I had the opportunity to visit my friend Margaret today. The person photographed above. Unfortunately Margaret no longer looks the way she does in that photo, because she is battling a horrific neurological disease. I do not talk about Margaret on this blog because this is her story, not mine, and out of respect for her wishes, I am not saying much more. Yet it is very challenging for me to see another close friend of mine succumb to another horrible disease, trapped within her own body. The cornerstone of our relationship used to be talking and relating to each other, and now this is no longer possible. Thanks to technology, I had the opportunity to watch Margaret's niece's wedding live today through Skype with her! The wedding was in Upstate New York and yet we were watching it virtually. 

I must admit I like watching weddings now as much as I like attending funerals. I am not sure why. But I do not care for weddings anymore. Perhaps to me they signify something happy, but happiness that has the potential to be clouded with such potential loss. Naturally not every marriage will lead to a child having cancer, but yet given the fact that two classrooms a day are being diagnosed in the US with cancer, I am not the only one! So to me, weddings symbolize the start of the unknown, the calm before the storm. 
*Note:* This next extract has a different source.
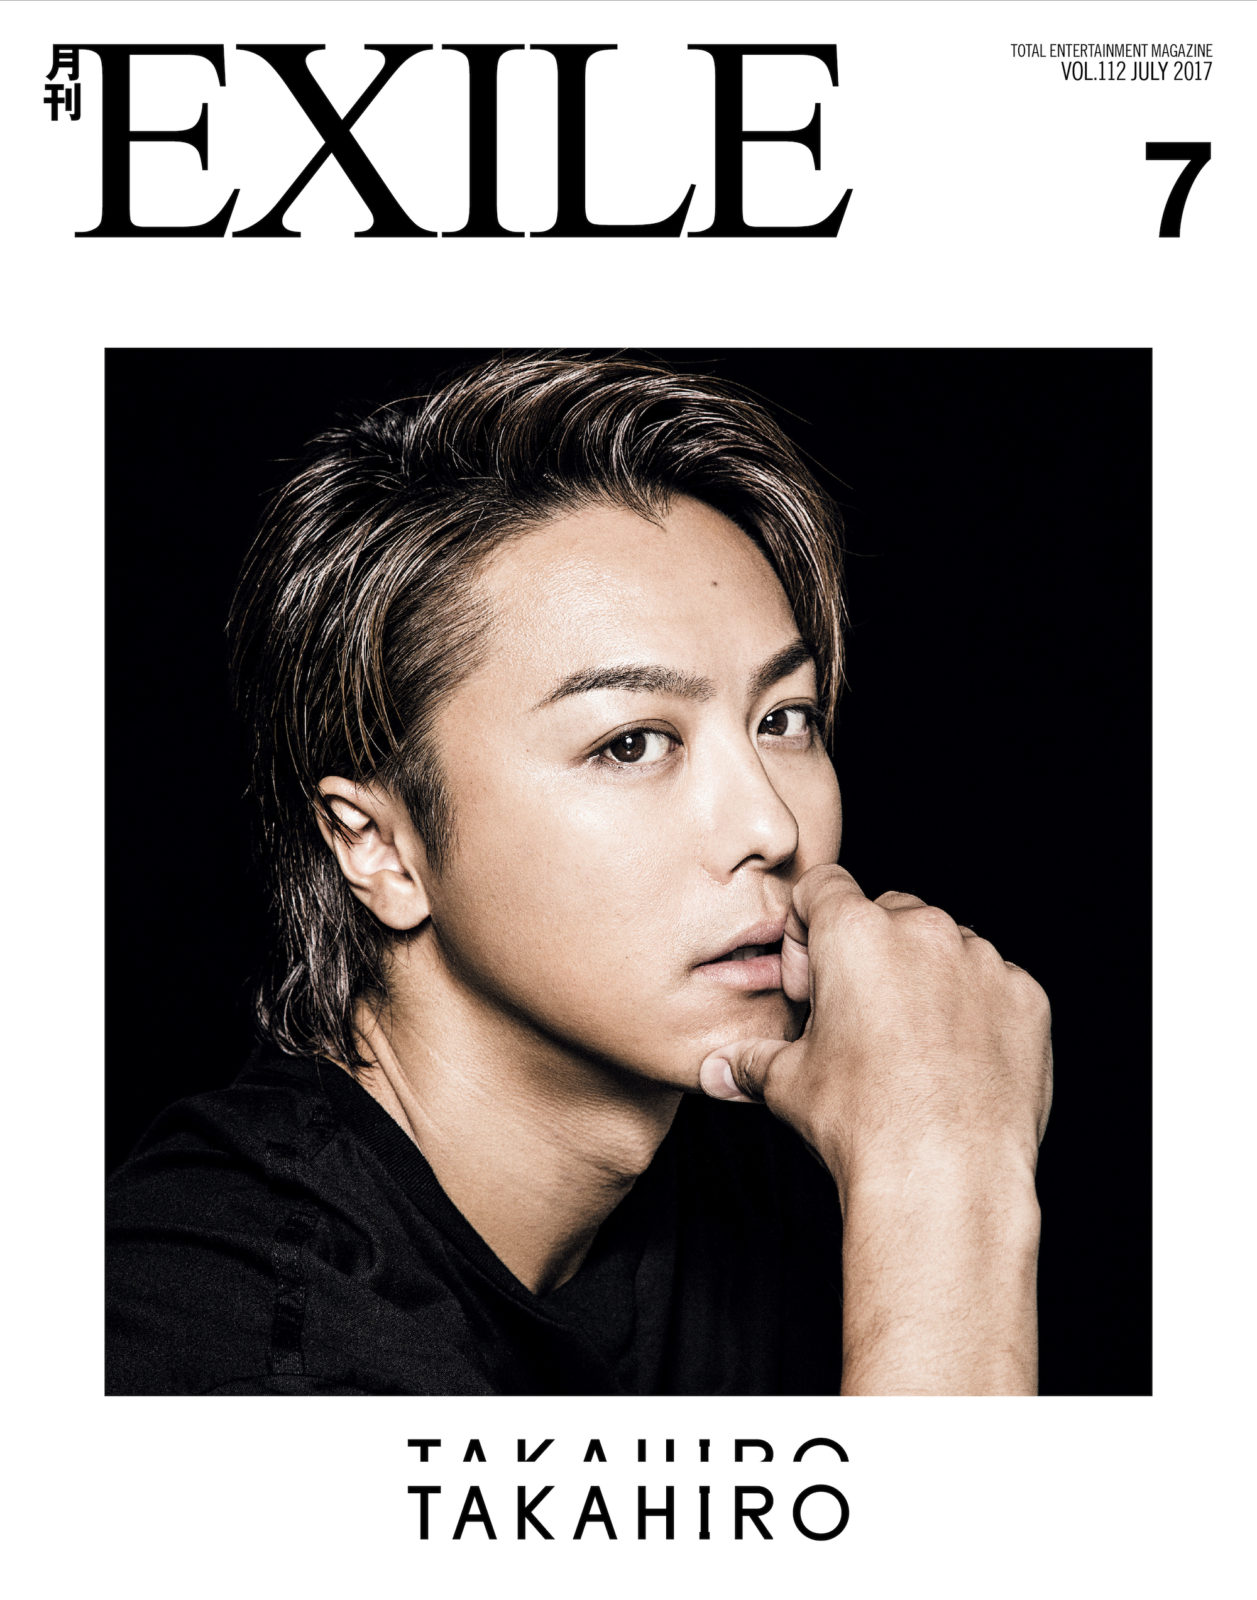 EXILE TAKAHIRO、「月刊EXILE 」約3年ぶりとなる単独カバーで
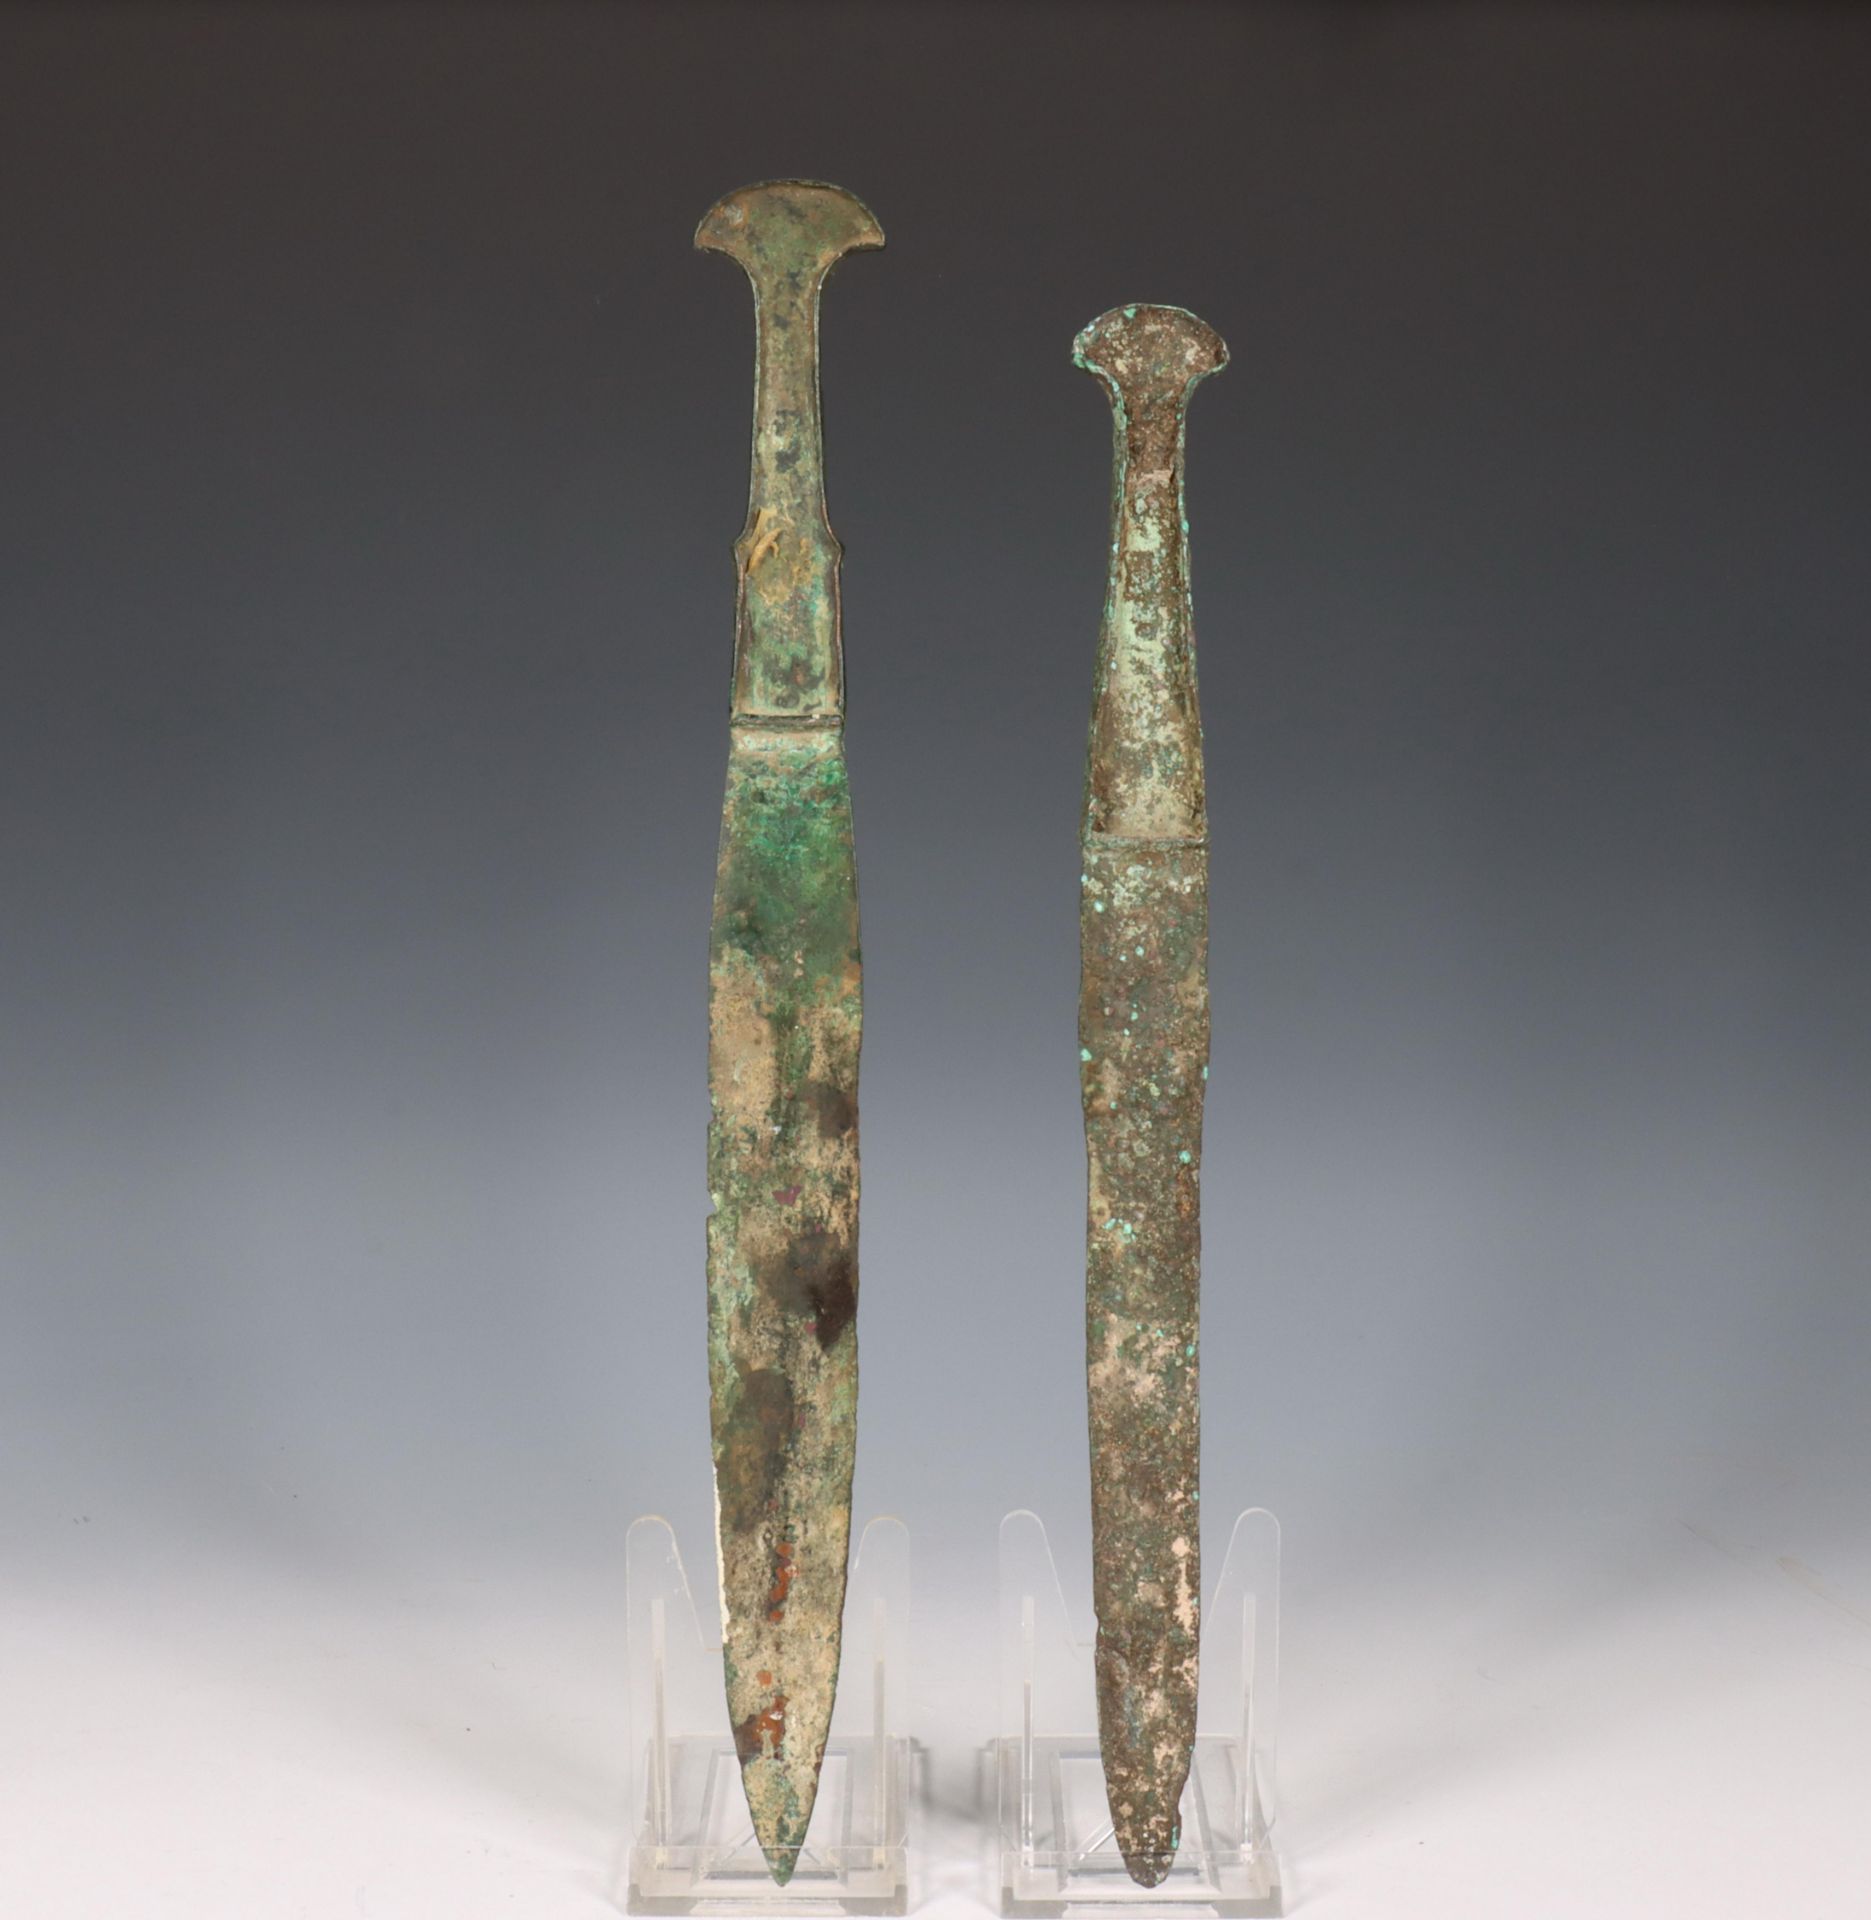 Luristan, two bronze ceremonial daggers, ca. 800 BC.

Today's wedding was particularly symbolic because it was held outside literally minutes before an ominous rain storm. You could see the clouds and dark sky rolling in! I would have to say the most meaningful part of the ceremony was when the aunt of the bride read the poem I posted tonight called "These Hands." I have never heard of this poem before. She warned us before reading it that even saying the words made her cry! I honestly had no idea what she possibly could be sharing with us that would evoke such emotion. Until she started to talk! 

I have to imagine the depths of this poem are lost on the twentysomethings in the crowd, but those of us who are a bit older, who have experienced illness, tragedy, crisis, and loss, get this poem to its core. Surviving any of these things long term requires a solid spouse by our side. These are "the hands" you want with you always if you should be lucky enough to find the right ones to begin with. I think why this poem impacted me and most likely Margaret so deeply is because we have seen our spouses tested to the limits and know they can handle the happiness, the joy, but also the sadness, the crisis, the devastation, and yet they remain steadfast and by our sides. Seems to me the ultimate testament of a relationship and a marriage.